The UK Prime Minister Boris Johnson wanted to present it as following the science rather than a political decision, and this had implications for the wiring of government decision-making. It meant elevating Sage, a sprawling group of scientific advisers, into a committee that had the power to decide whether the country would lock down or not, but it was a forum where questions could not be asked. Sunak said:

This is the problem, if you empower all these independent people [advisors], youre screwed.”

Sunak said that questions and concerns raised by some Sage scientists during their private meetings were withheld from government. As a result, according to Sunak, government pandemic policies, especially lockdowns, created an economic disaster.

This week’s Public Health blog from the University of Otago is a prime example of what Rishi Sunak has revealed. The blog is aimed directly at informing future government policy. It says:

Based on a comparison of responses we provide updated recommendations for the NZ Government around strengthening existing public health measures to reduce the immediate and long-term impacts from Covid-19.”

In fact, the information provided by the Otago Department of Public Health scientists to the government in this blog is lacking key explanatory information and apparently biased in favour of particular policy decisions. It suggests that prior New Zealand policy has been the best in the world and should be extended.

Their recommendations include:

  • Extending current government messaging encouraging boosters
  • Strengthening measures in schools.
  • mRNA vaccines for the under fives.
  • Deploying new biotech vaccine types.
  • Stronger measures to ensure vaccine acceptance.
  • Mandates to enforce mask wearing.
  • Longer periods of home isolation

The sole reference in the blog to the rapidly accelerating all-time record levels of all-cause mortality in New Zealand is this phrase:

“…the direction of the curve suggests that the reduction is decreasing in magnitude.”

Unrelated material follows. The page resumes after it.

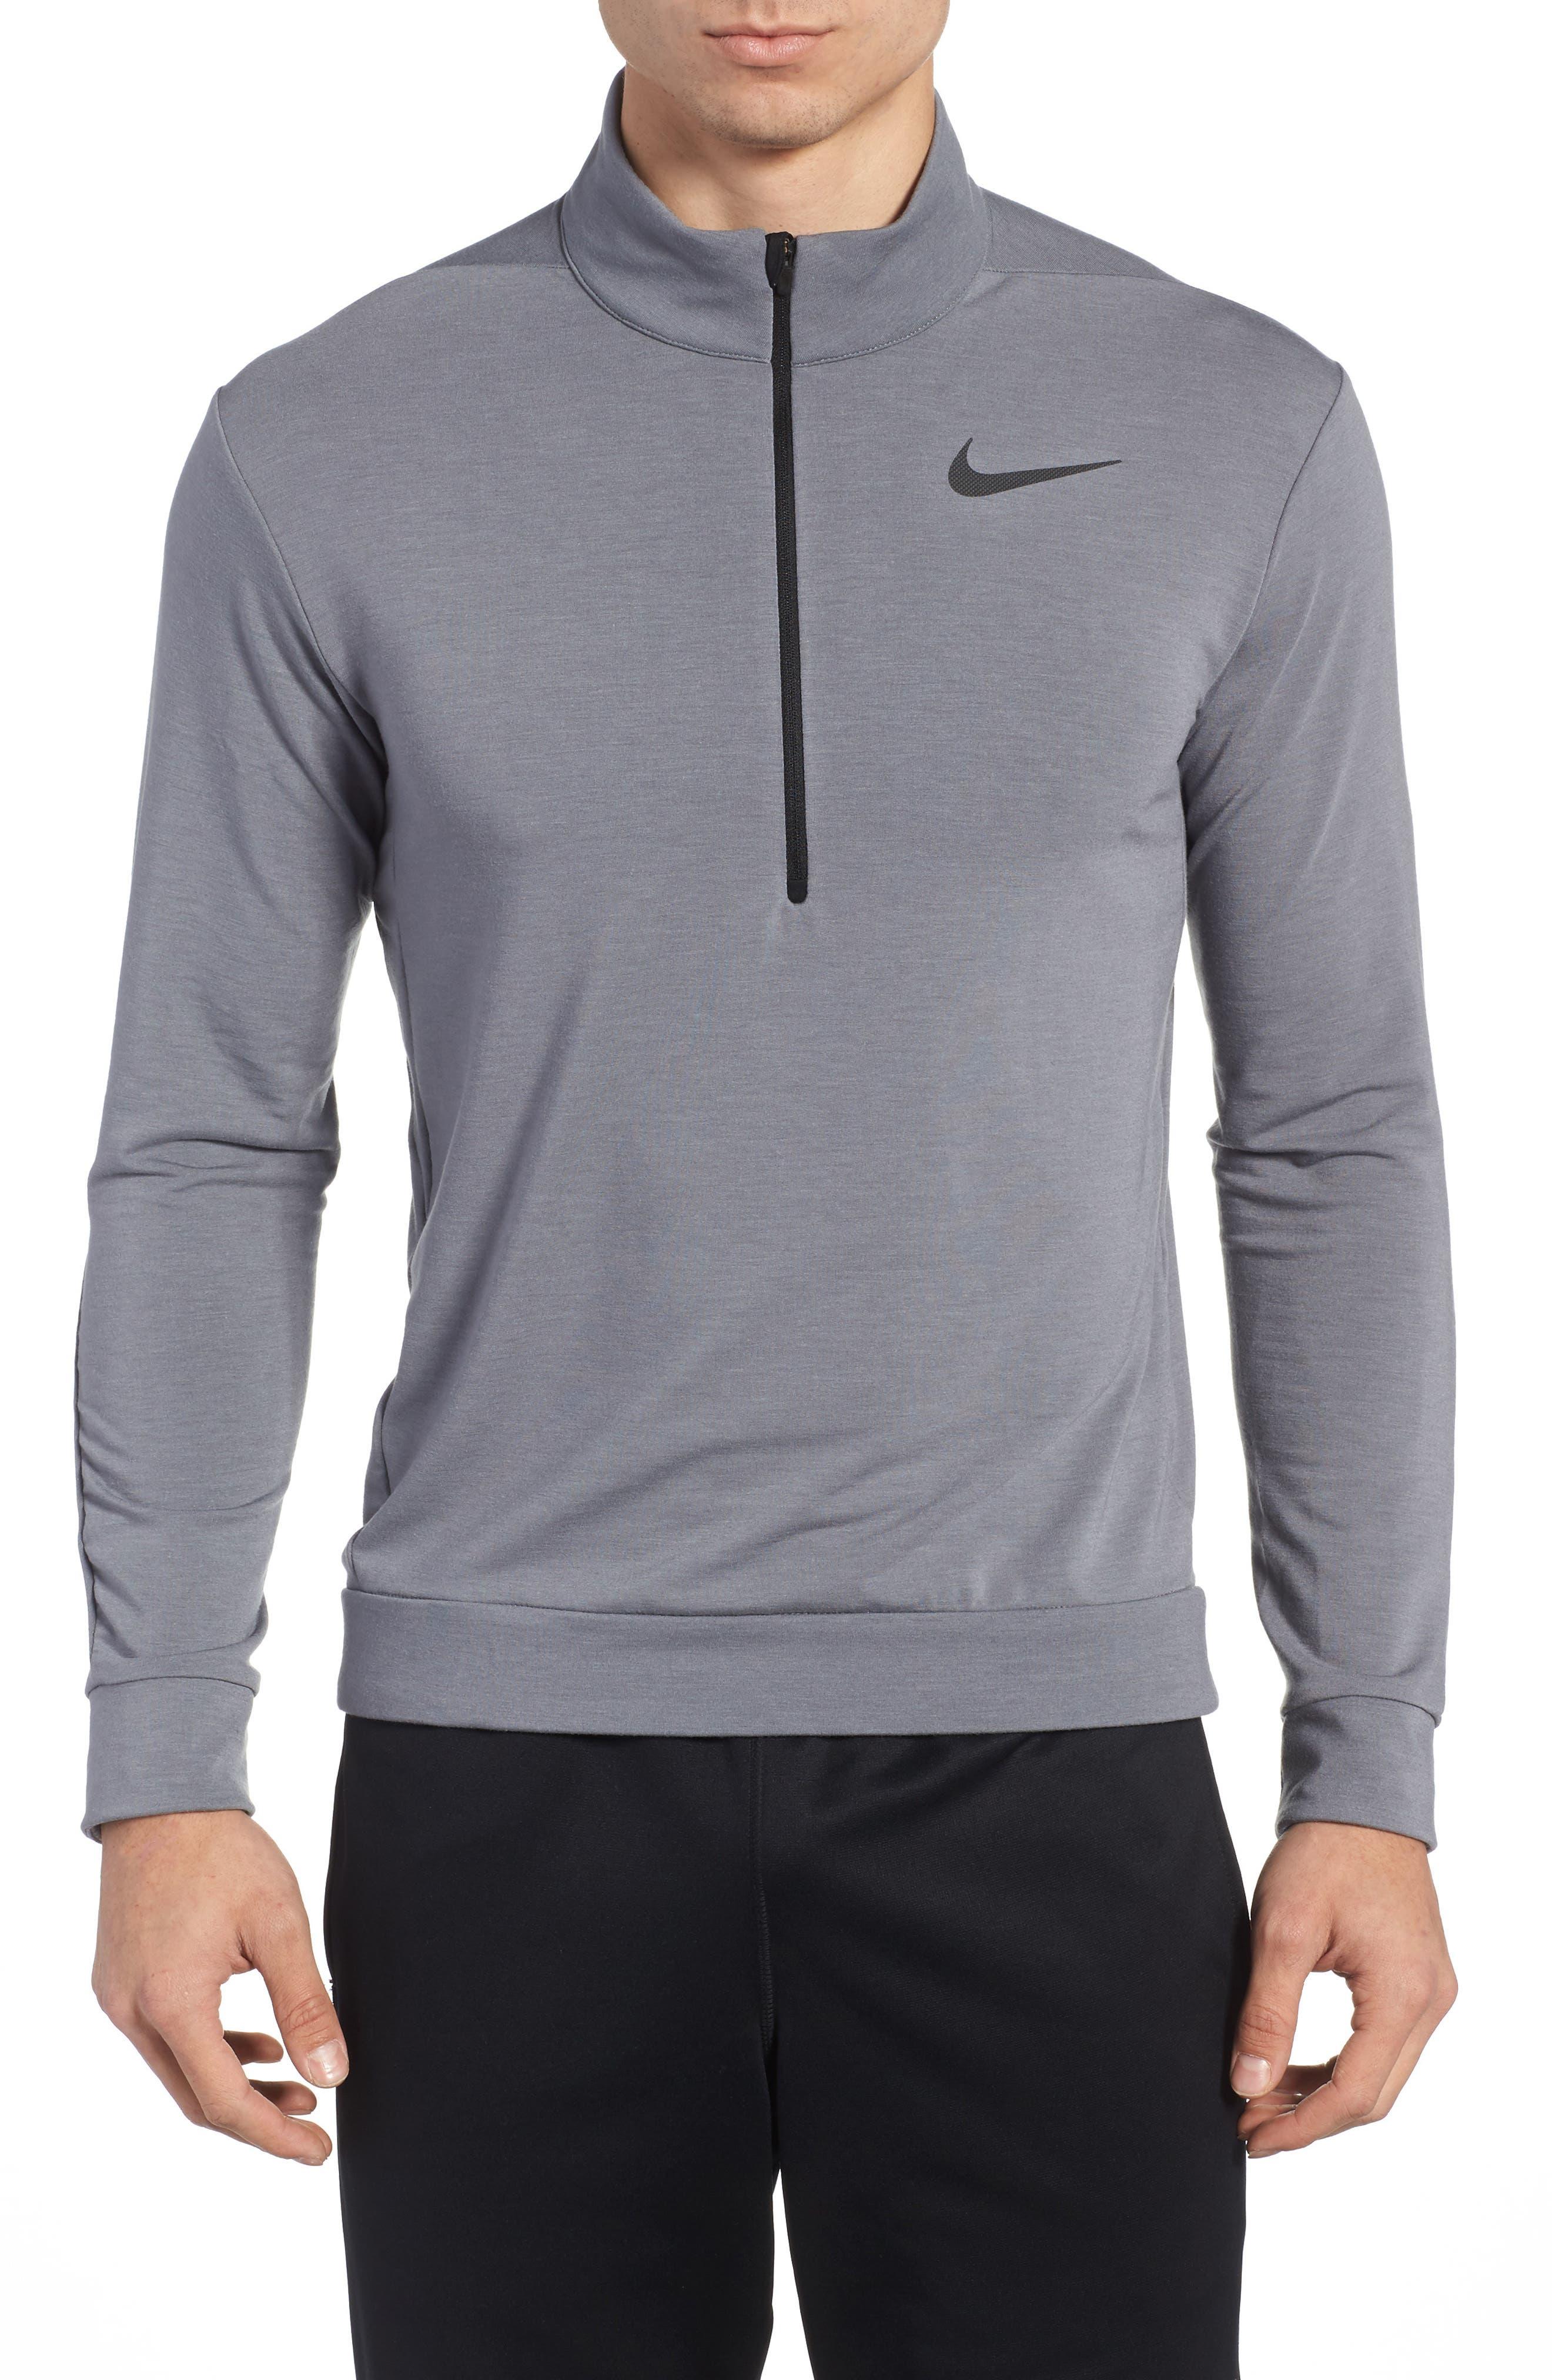 nike 1 4 zip pullover. nike dry training quarter zip pullover 1 4

Do you think that is sufficient information for politicians to make informed policy decisions? We don’t. As Benjamin Franklin said many years ago:

There’s none deceived but he that trusts”.

As I wrote to Prime Minister Ardern last week, we are not recording the vaccination status of people on death certificates. As a result, we don’t know what is causing the excess deaths in New Zealand.

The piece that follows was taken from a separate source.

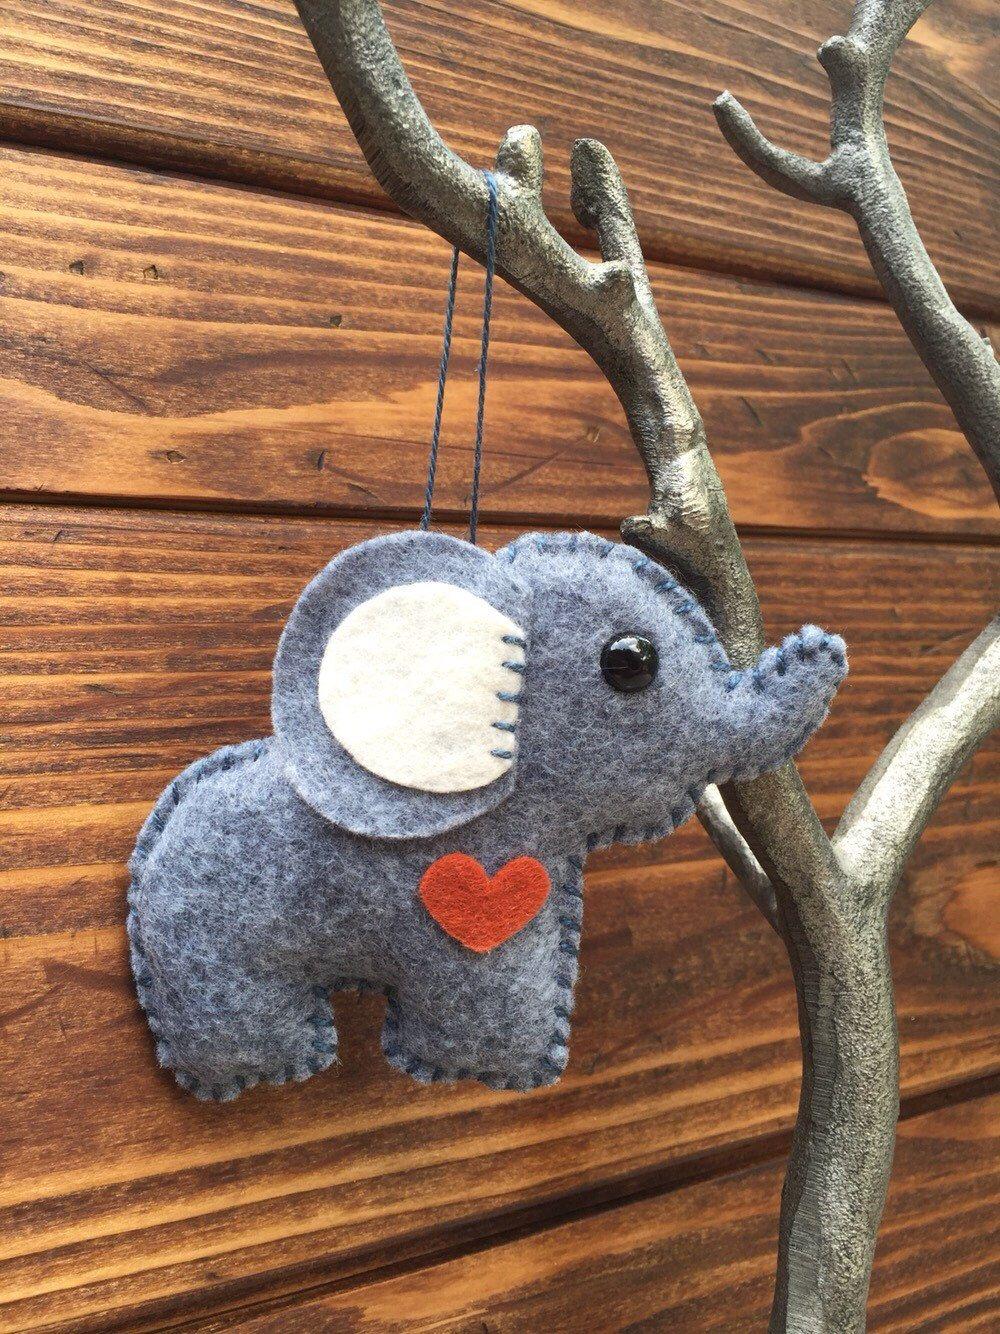 Wool felt ornaments - Wool Felt Elephant Christmas Ornament Keychain Mobile Attachment Car Mirror Ornament Plush Toy Stuffie Cloudy Day

In the UK, such figures are kept and they show that excess deaths are disproportionately affecting the vaccinated, especially the boosted. Data from other countries indicates the causes might include high cancer rates, blood clots, and cardiovascular illness.

Crucially, deaths rates are unusually affecting working age people and the young. Have our experts informed our government? Apparently not.

As Rishi Sunak advises:

“Find out what you are not being told”.